Yes, it’s a quadruple mission. It’s about community but it’s also about stewardship. I’m a health services researcher, and sure, you can discover the latest and greatest innovations, you can have the best health care in the world, but if it’s not accessible to the people in your catchment area, the region that you serve, you really wonder if you’ve done your best. We have to try to make sure that the quality of health care we can provide in town can be extrapolated to rural areas outside of metro Atlanta and beyond. I’m passionate about ensuring the best delivery of care. We need to get health care to the people.

So many transformations are happening in health care right now, with AI, robotic surgery, technical diagnostics you can do at the bedside. How do you believe that we can effectively apply technology without letting it take over the process?

Globally, there need to be some boundaries around how we apply technology, but we can’t let those boundaries slow us down in terms of discovery. There will be a good balance and everyone collectively will need to figure out what that looks like.

Emory is already doing that, pushing that envelope while making sure that everything remains safe for patients. Machines are only as good as the data the machines see. The role of an academic health system is to find a way to push the boundaries of discovery, but also to consider potential unintended consequences.

AI should be a tool, not ever a substitute, and we need to determine how to best make use of those tools, such as making things more efficient, reducing the burden of paperwork, helping with clinical decision support. Take telemedicine, and how rapidly it accelerated during the pandemic. Patients and physicians adapted so much faster than anybody thought possible.
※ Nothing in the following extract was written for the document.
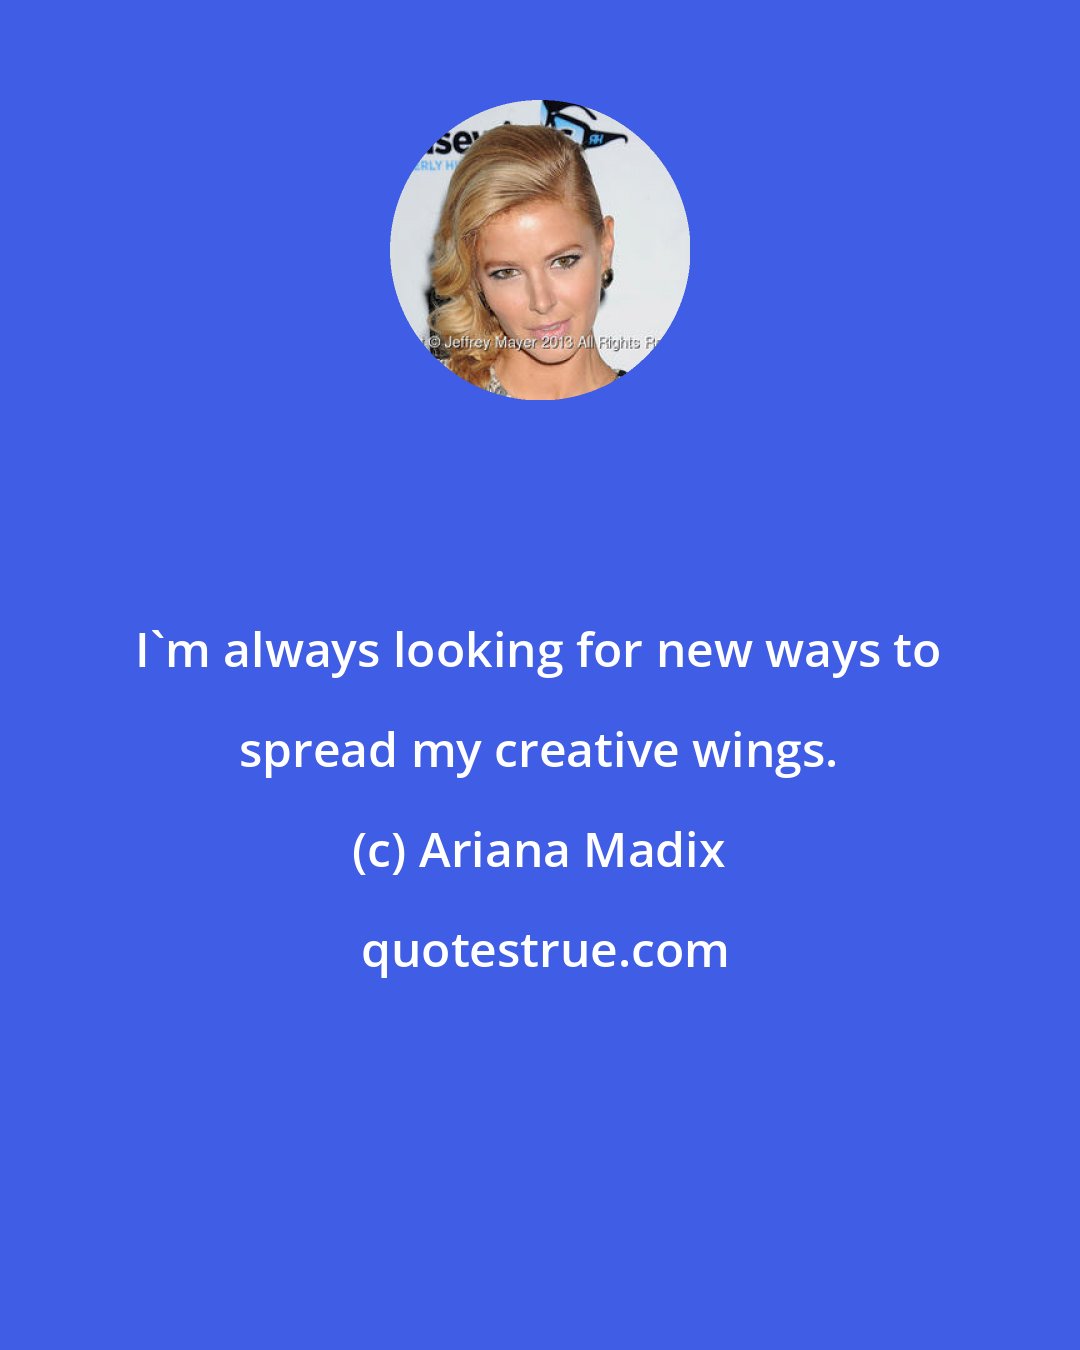 Ariana Madix: I'm always looking for new ways to spread my creative wings.

Why Emory? What particular challenges did this opportunity present that fascinated you?

Why Emory? That’s easy — Emory is a world class institution known for outstanding health care, for cutting-edge tech and research. What I would say was really exciting during the whole process, though, was the energy I could feel from every single person and the dedication to the mission toward a greater good.

When I come to a new place, I believe my role as a leader, part of a leadership team, is to pull all those individuals together, to make that momentum happen. Everybody does great things on their own, but when you can see a team pull together, actually move faster toward a higher trajectory, that’s the key. That’s what gets me excited. It's about inquiry, understanding where the bottlenecks are and fixing those areas. This is not change for change’s sake, it’s about managing change that’s already happening, assuring that key milestones are met, constantly looking for ways to improve.
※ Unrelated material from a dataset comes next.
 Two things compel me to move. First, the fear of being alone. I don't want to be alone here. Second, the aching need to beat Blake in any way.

A lot of what I’ll need to do is talk to and learn from everyone. I love walking around, seeing people in their own environment, letting them show me their space and what they’re most proud of.

Also, staff development is so important, that’s true for the entire team. You take a job because you see the potential to grow in it. Questions I will ask people are, “What keeps you here? What programs do we need to build for professional development?”

How do you feel about being the first female medical school dean at Emory?

It didn’t come to front of mind until it was written in the original press release, but I’m really proud to have that honor. I hope I won’t be the last. What I find is that it’s meaningful to others, to see that it’s possible, and I do appreciate the ability to be a role model in that regard. But I don’t think it should be what defines this role, which transcends gender and race and ethnicity.

I’ve had a few folks reach out, which means they are watching, and I appreciate what this means to people on their own leadership journeys. A lot of it is about the support you get — and give — along the way.

What are you most looking forward to, in a practical sense, upon your arrival?

I’m most excited to continue meeting people and learning more about the incredible work happening here. I’m looking forward to getting to know our students and trainees. And honestly, I’m excited it’s spring. How warm it is outside, people are happier, walking around more. I love universities in the spring, coming out of the winter gloom. It’s a time of renewal.